Just then, a word broke through the roaring and the static that drew his father’s disapproving attention back to the game. “Sticks?”
“Over-the-head swings—two!” Émile announced, spinning onto his derrière. He immediately updated himself with the announcer’s next words. “Three times! The Rocket! Three times he’s hit him with a stick! He’s got a teammate’s, Papa! He already broke his stick across that other guy’s back. He must be pretty damn mad!”
Dismayed, his father shook his head. Grown men, fighting, on skates. With sticks. Barbaric. Yet he plucked the pipe from his mouth and leaned in more closely to the radio. No ordinary punch-up. The game’s greatest player—for all Quebecers were agreed on that—the legendary Maurice “Rocket” Richard, had swung a stick three times across an opponent’s back, connecting with each fierce swipe.
“Don’t say damn,” he gently reproved his son.
“Sorry.”
“He’ll be thrown out,” Albert Cinq-Mars forewarned.
The boy made a chopping motion as though administering the blows himself.
Then the radio commentator announced that, in the melee, the Rocket had punched an official.
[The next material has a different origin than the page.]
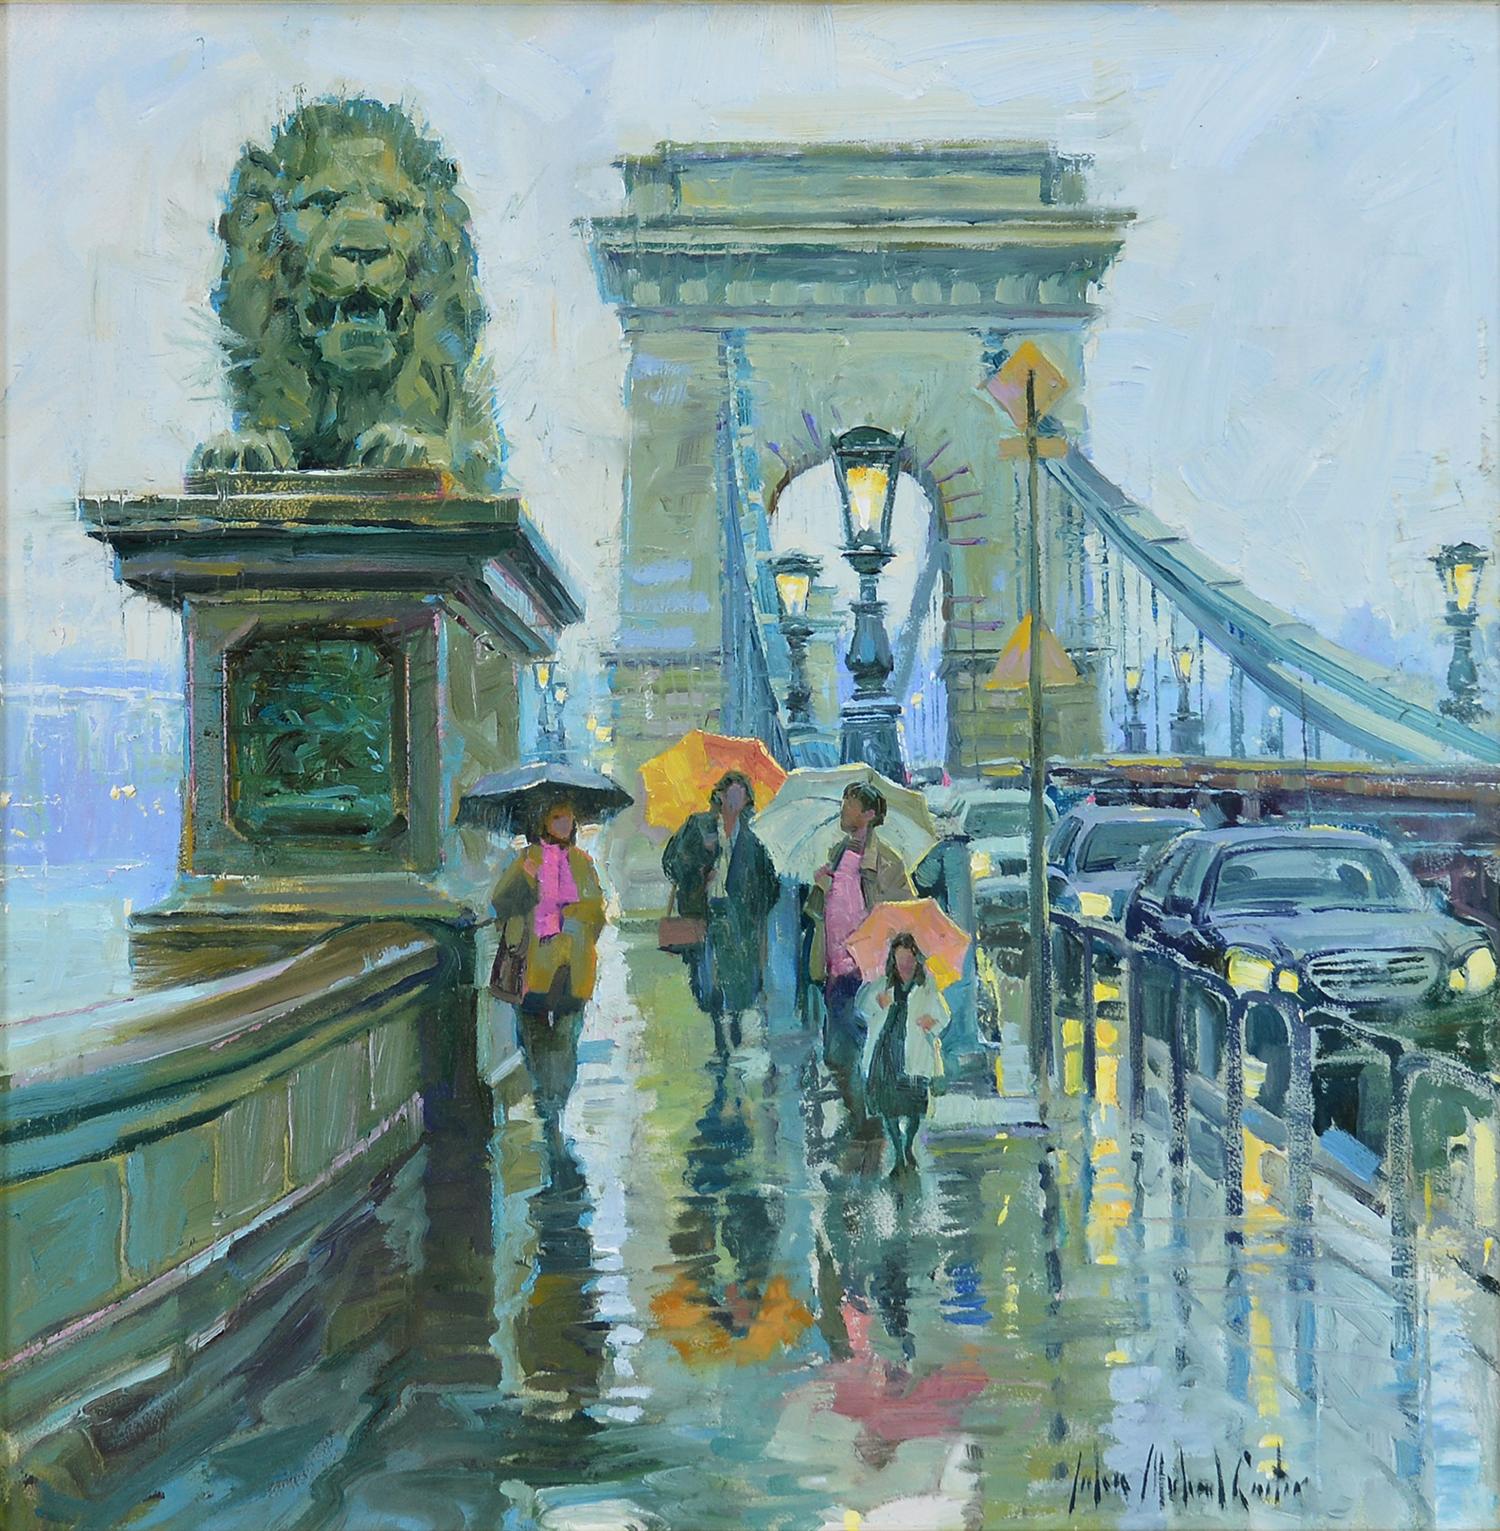 Evening at the Chain Bridge - Painting by John Michael Carter

“A big fine,” the father persisted. “This will cost him. He’ll be suspended for a few games, you watch.” Attentive, he continued to lean forward, although he could never have reconnoitred that the political shape of a nation turned on these events.
“How can the Rocket miss a game? The scoring championship! He’s so close.”
“Kiss it goodbye now. Not that it matters. The Cup’s the main thing.”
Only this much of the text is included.